New Education Center, New Programs
Garden educators are developing new program concepts for the Education Center that illuminate the genius of nature and the cross-disciplinary knowledge behind plant science research, development, and discovery. These programs include the following:
- Biomimetic Solutions: The Garden will expand on a nascent collaboration with the engineering department at Northwestern University to develop a multisession biomimicry course that will challenge teens to examine the natural structures around them and to use unique features of those structures to address human design problems.
- Defending the Pollinators: As a core feature of the Education Center's programming and informal messaging to its audiences, the Garden will create an integrated pollinator story consisting of the Butterflies & Blooms exhibition, an observation beehive, and associated Garden science reports and other media that help visitors understand our reliance on pollinators and what threatens and protects them.
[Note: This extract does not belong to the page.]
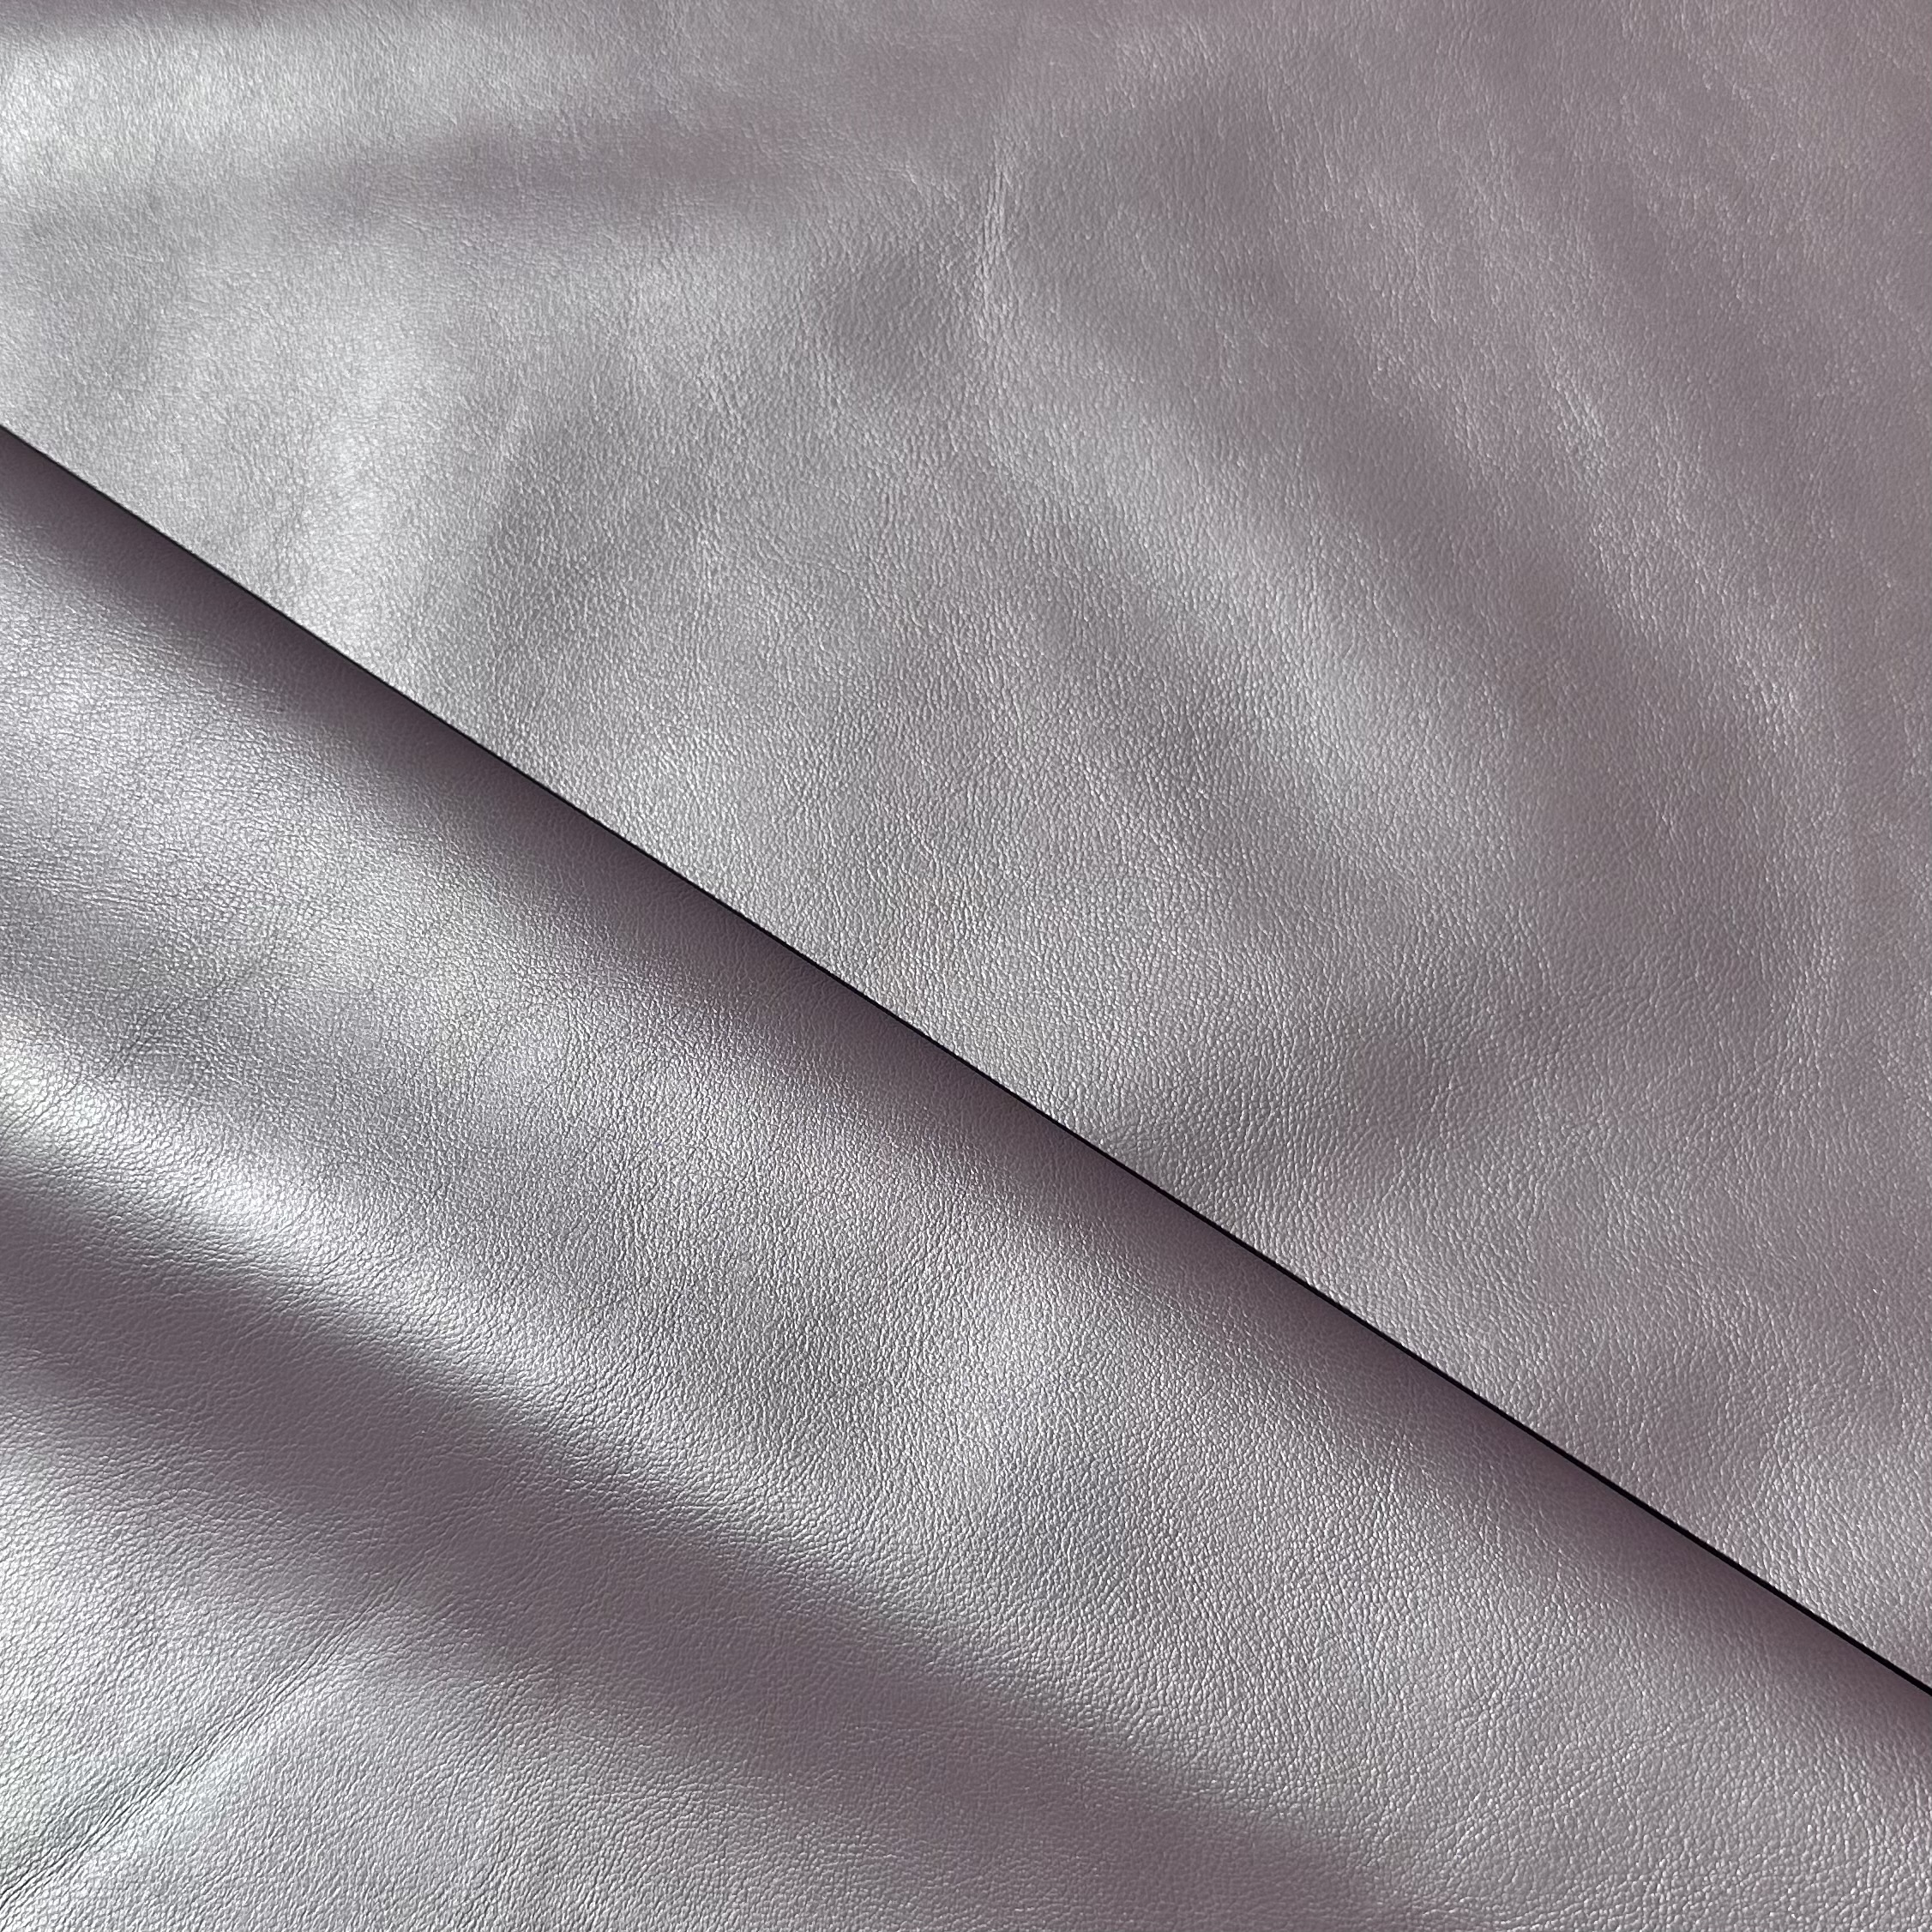 Tela de vestir elástica resistente, color blanco, por metro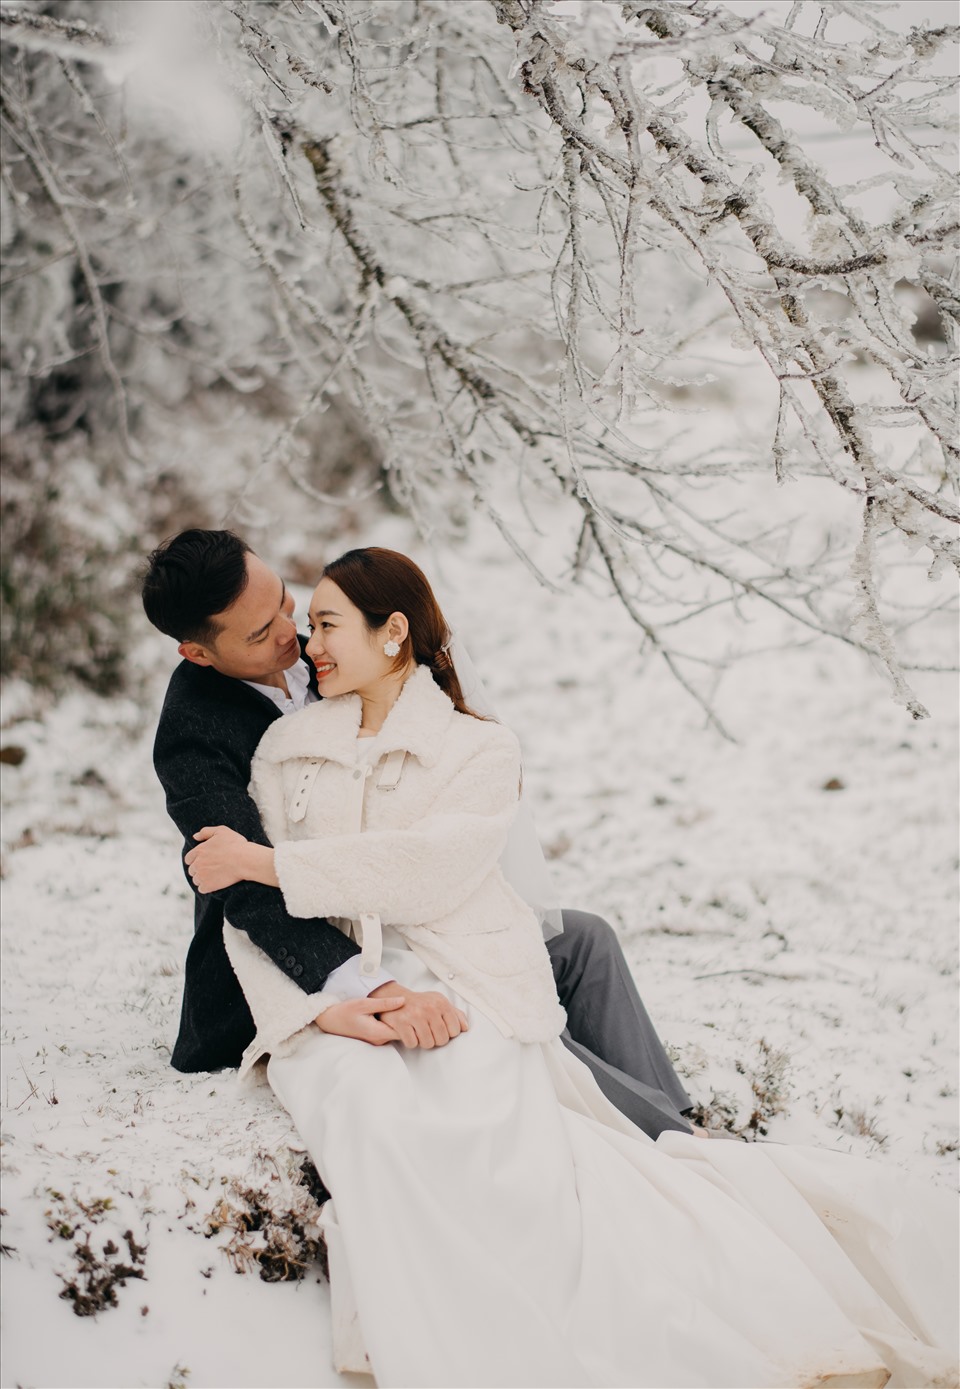 Không có gì thú vị hơn việc chụp ảnh cưới dưới mưa tuyết. Những hạt mưa vàng rơi rụng, hay những bông tuyết lấp lánh sẽ tạo ra những bức ảnh ngọt ngào và đầy cảm xúc.

- Weather, Meteorology, and Climate—The Plant Connection: New scientific instruments, including a meteorological (MET) station; access to plant population data collected by Garden scientists; and the new GIS lab at the Plant Science Center will inform a weather, climate, and climate-change modeling course allowing teens explore the interaction between weather, climate, and ecosystem function.
- The Chemistry and Physics of Cooking: Participants will explore the math and science of cooking and the processes that transmute carbohydrates, starch, and protein into nutritional failure or success. The teaching kitchen has been funded by the ITW Foundation.
- Communicating Science to the Public—The Young Have It: The atrium will provide a wonderful venue for displays that engage the visiting public with the Garden's mission and research. The atrium can present the work of advanced high-school students working in a new summer program focused on science communications. The Astellas Atrium has been funded by Astellas USA Foundation.
Education Center Garden
The south end of the Center will open onto a shaded terrace that can accommodate classes or simply offer comfortable seating and viewing onto a new lawn and garden. Based on a concept vision by renowned landscape architect Mikyoung Kim, the Education Center Garden will be a vibrant central place for children to explore. Features include a series of multisensory gardens and a shallow stream. A great lawn of wave-like knolls will slope into an amphitheater, and wide, tree-shaded paths will include special areas for hiding, learning, and gathering. The garden will be designed and built by Jacobs/Ryan Associates.